Scientist from Duke University and Intel have come up with a brand new way of keeping high performance electronics cool. The plan to fill their insides with bouncing water droplets. I know that conventional wisdom tells you that water and electronics do not get along well. But this system could keep high performance electronics cool, by targeting their hot spots with drops of water.
The technology was inspired by the super-hydrophobic wings of cicadas ( a flying insect) that naturally repel water. When two small water droplets land on the cicada’s wings, they become one big droplet. It has enough energy to lift of the wings and take the dirt with it. The scientist thought to apply this principle to electronics.
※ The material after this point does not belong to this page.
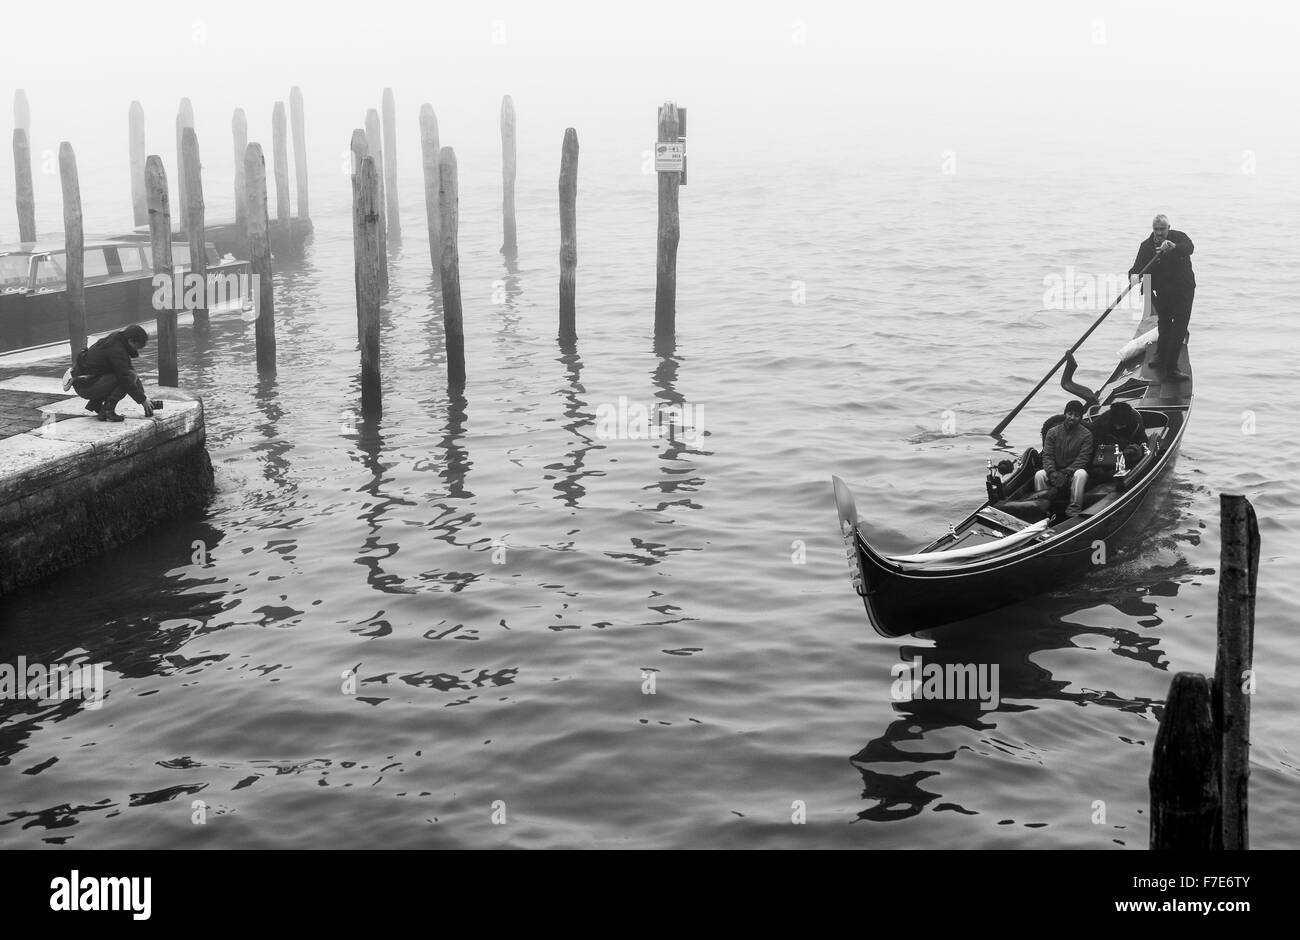 Italy, Venice, tourists in gondola near Riva Degli Schiavoni in a foggy day Stock Photo

The way this would work, is that the researchers create a sealed vapor chamber that can be installed within electronic systems. One side of the chamber is the super-hydrophobic floor and the other side is a sponge like ceiling. When the electronics surrounding the chamber get hot, the chamber gets heated, and the vapor turns to water droplets. The droplets fall to the floor and become bigger droplets, and then lift off taking the heat with them. The sponge like ceiling absorbs the water, and the process repeats.
This has some advantages over the existing cooling mechanisms. This works on two planes simultaneously as it targets heat both vertically and horizontally. This makes the cooling more effective, also it only targets hot spots and leaves other component untouched.
The vapor chamber is still being developed, but it looks very interesting. You won’t find this in your next laptop, but it could be in the next data center or major technology hubs. Keep an eye to see if the gets developed and produced.